Lo Speculum ebbe origine nelle attività editoriali di Antonio Salamanca e Antonio Lafreri (Lafrery). Durante la loro carriera editoriale romana, i due editori - che hanno lavorato insieme tra il 1553 e il 1563 - hanno avviato la produzione di stampe di architettura, statuaria e vedutistica della città legate alla Roma antica e moderna. Le stampe potevano essere acquistate individualmente da turisti e collezionisti, ma venivano anche acquistate in gruppi più grandi che erano spesso legati insieme in un album. Nel 1573, Lafreri commissionò a questo scopo un frontespizio, dove compare per la prima volta il titolo Speculum Romanae Magnificentiae. Alla morte di Lafreri, due terzi delle lastre di rame esistenti andarono alla famiglia Duchetti (Claudio e Stefano), mentre un altro terzo fu distribuito tra diversi editori. Claudio Duchetti continuò l’attività editoriale, implementando le lastre dello Speculum con copie di quelle “perdute” nella divisione ereditaria, che fece incidere al milanese Amborgio Brambilla. Alla morte di Claudio (1585) le lastre furono cedute – dopo un breve periodo di pubblicazione degli eredi, in particolare nella figura di Giacomo Gherardi - a Giovanni Orlandi, che nel 1614 vendette la sua tipografia al fiammingo Hendrick van Schoel. Stefano Duchetti, al contrario, cedette le proprie matrici all’editore Paolo Graziani, che si associò con Pietro de Nobili; il fondo confluì nella tipografia De Rossi passando per le mani di editori come Marcello Clodio, Claudio Arbotti e Giovan Battista de Cavalleris. Il restante terzo di matrici della divisione Lafreri fu suddiviso e scisso tra diversi editori, in parte anche francesi: curioso vedere come alcune tavole vengano ristampate a Parigi da Francois Jollain alla metà del XVII secolo. Diverso percorso ebbero alcune lastre stampate da Antonio Salamanca nel suo primo periodo; attraverso il figlio Francesco, confluirono nella tipografia romana di Nicolas van Aelst. Altri editori che contribuirono allo Speculum furono i fratelli Michele e Francesco Tramezzino (autori di numerose lastre che confluirono in parte nella tipografia Lafreri), Tommaso Barlacchi, e Mario Cartaro, che fu l’esecutore testamentario del Lafreri, e stampò alcune lastre di derivazione. Per l’intaglio dei rami vennero chiamati a Roma e impiegati tutti i migliori incisori dell’epoca quali Nicola Beatrizet (Beatricetto), Enea Vico, Etienne Duperac, Ambrogio Brambilla e altri ancora.
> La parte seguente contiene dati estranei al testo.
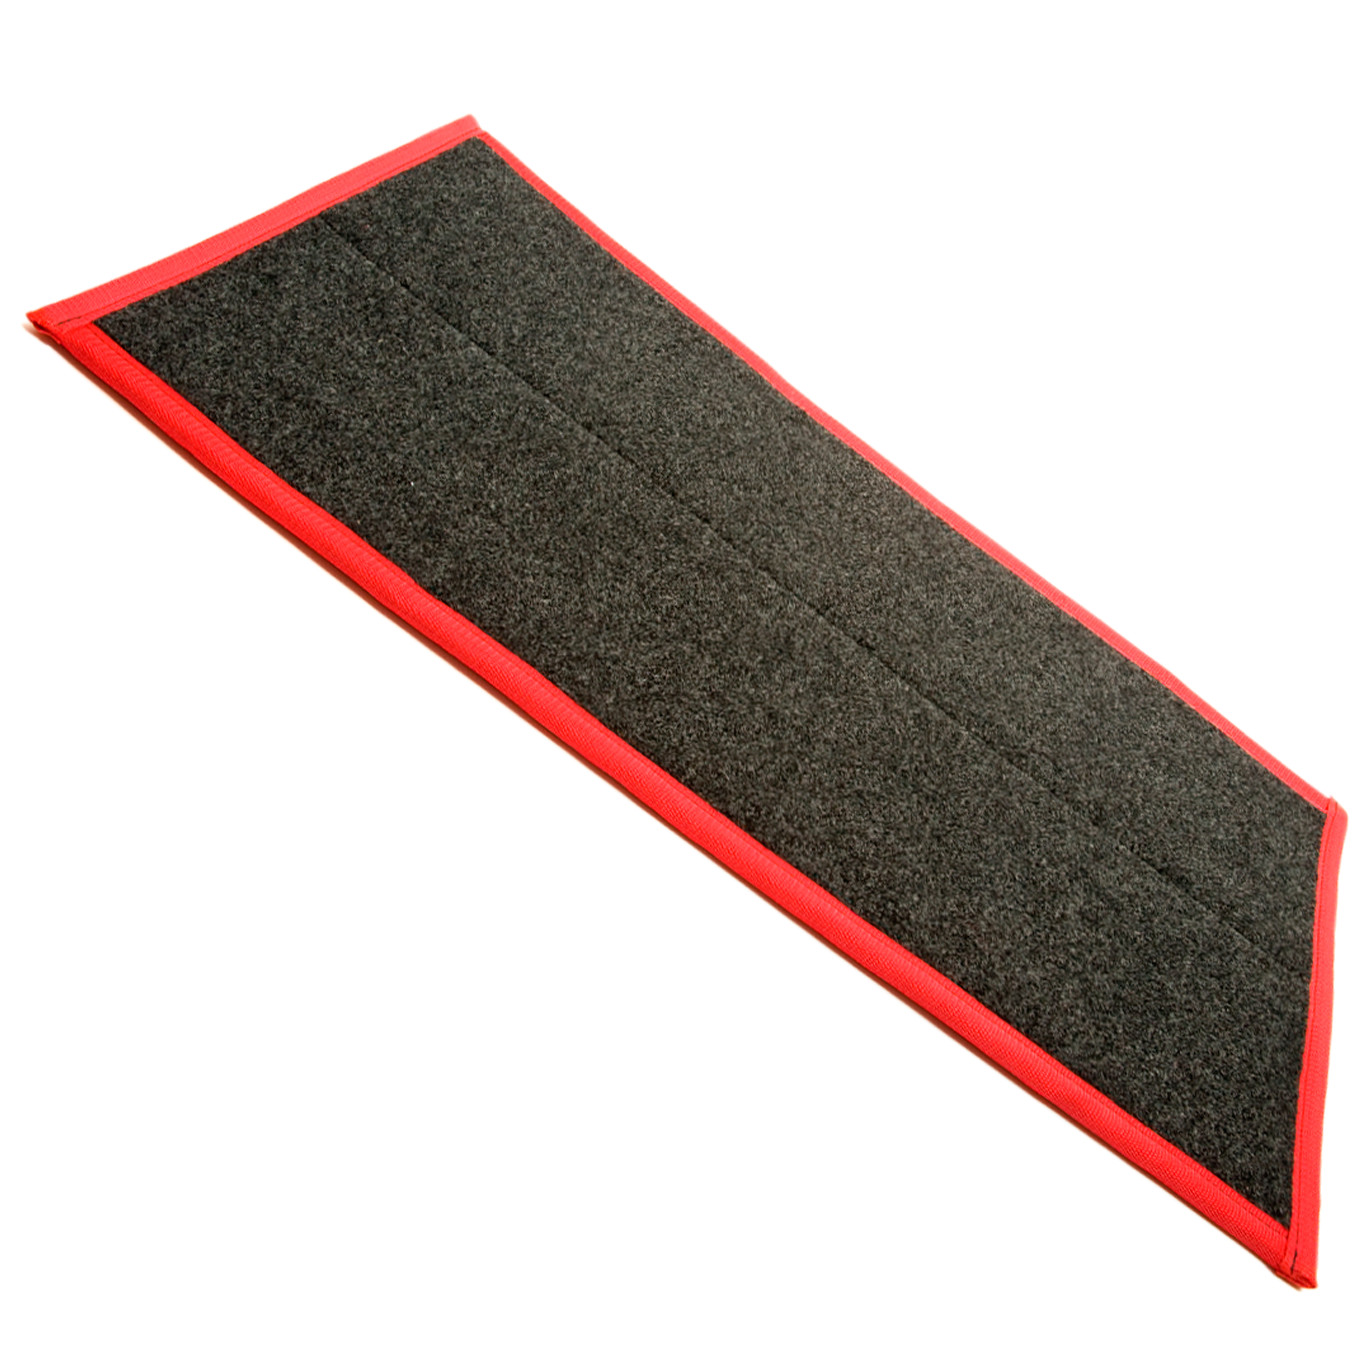 Ask a question about PureTrack Replacement Pad with Red Trim. Disinfecting Shoe Mat System.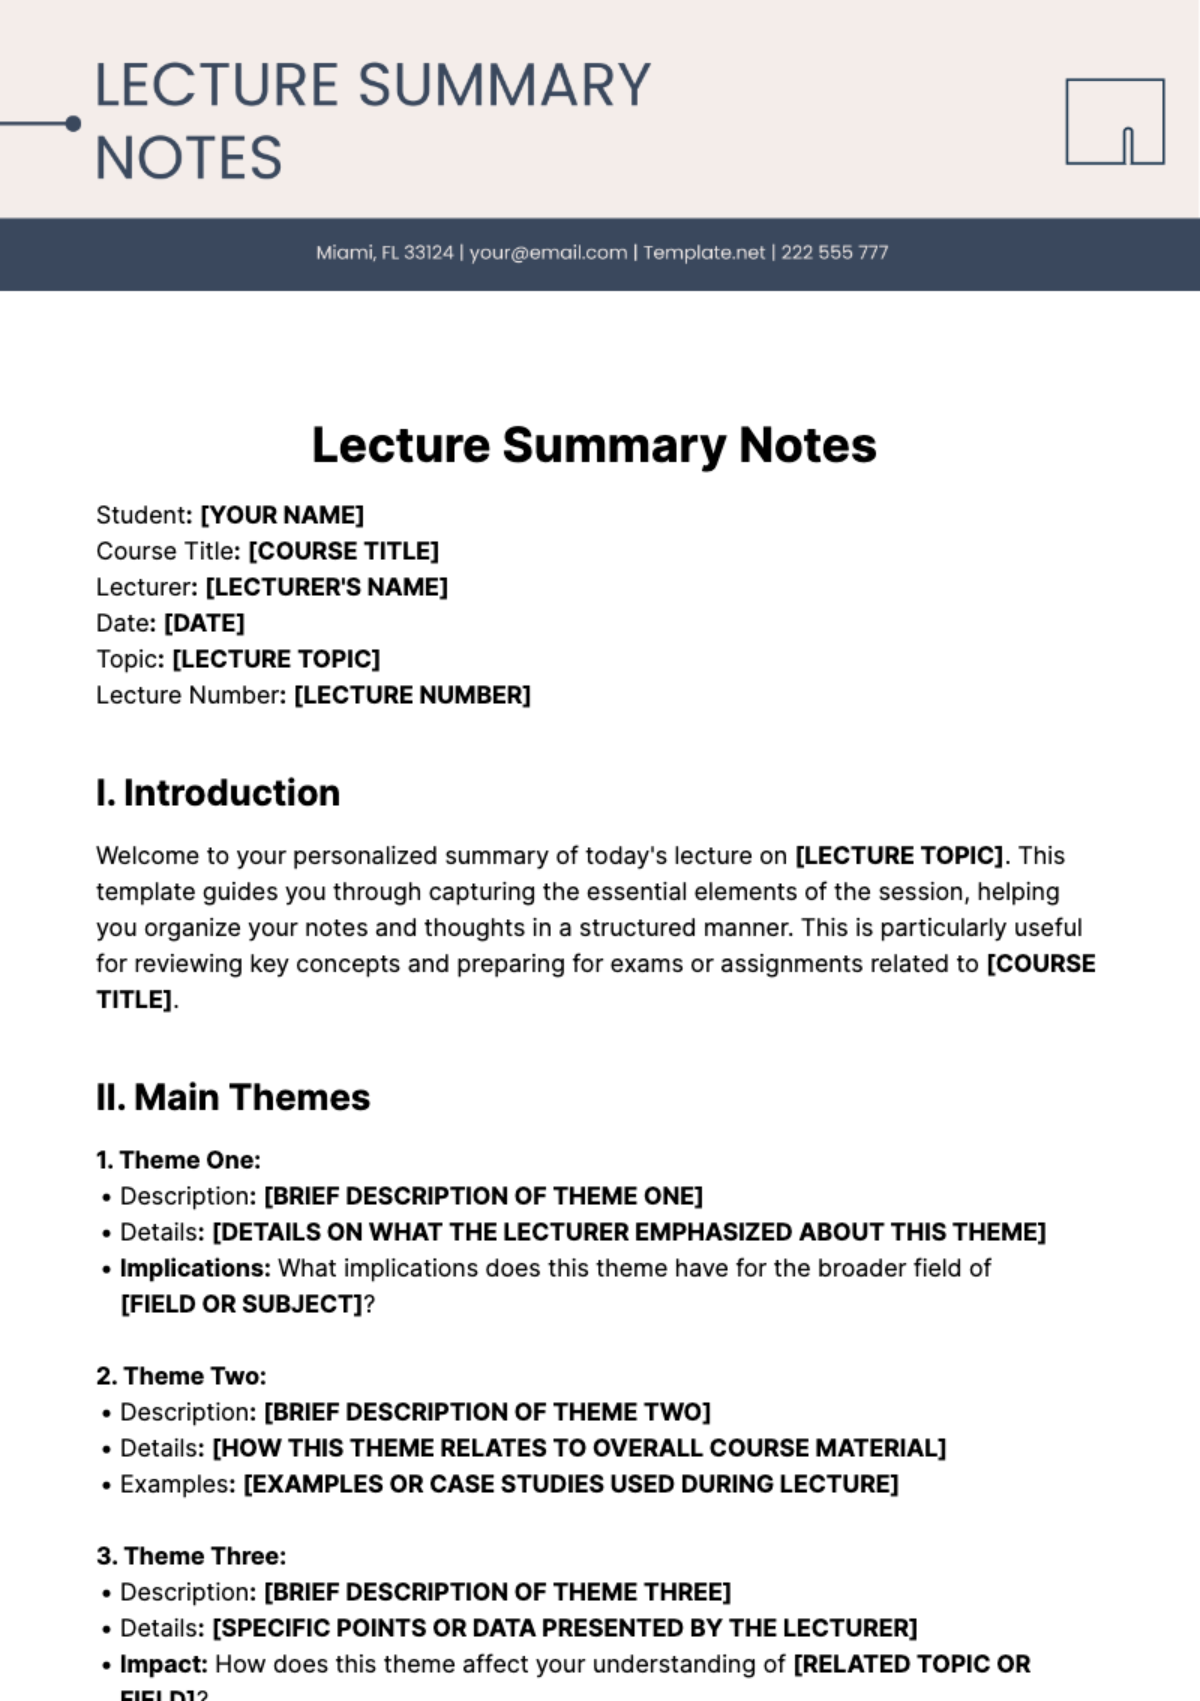 Lecture Summary Notes Template

Questo marasma e intreccio di editori, incisori e mercanti, il proliferare di botteghe calcografiche ed artigiani ha contribuito a creare il mito dello Speculum Romanae Magnificentiae, la più antica e importante iconografia della città eterna. Il primo studioso che ha cercato di analizzare sistematicamente la produzione a stampa delle tipografie romane del XVI secolo è stato Christian Hülsen, con il suo Das Speculum Romanae Magnificentiae des Antonio Lafreri del 1921. In epoca più recente, molto importanti sono stati gli studi di Peter Parshall (2006)m Alessia Alberti (2010), Birte Rubach e Clemente Marigliani (2016). Le nostre schede sono elaborazioni ispirate principalmente da queste quattro pubblicazioni, integrate da commenti e correzioni per quanto non ci convince e ci è noto.  

Bibliografia

C. Hülsen, Das Speculum Romanae Magnificentiae des Antonio Lafreri (1921), n. 15/d; cfr. Marigliani, Lo splendore di Roma nell’Arte incisoria del Cinquecento (2016), n. III.15; S. Serlio (1562), p. 106; Bianchi, Catalogo dell’opera incisa di Nicola Beatrizet, D 31, copia D; cfr. D. Woodward, Catalogue of watermarks in Italian printed maps 1540 – 1600 (1996).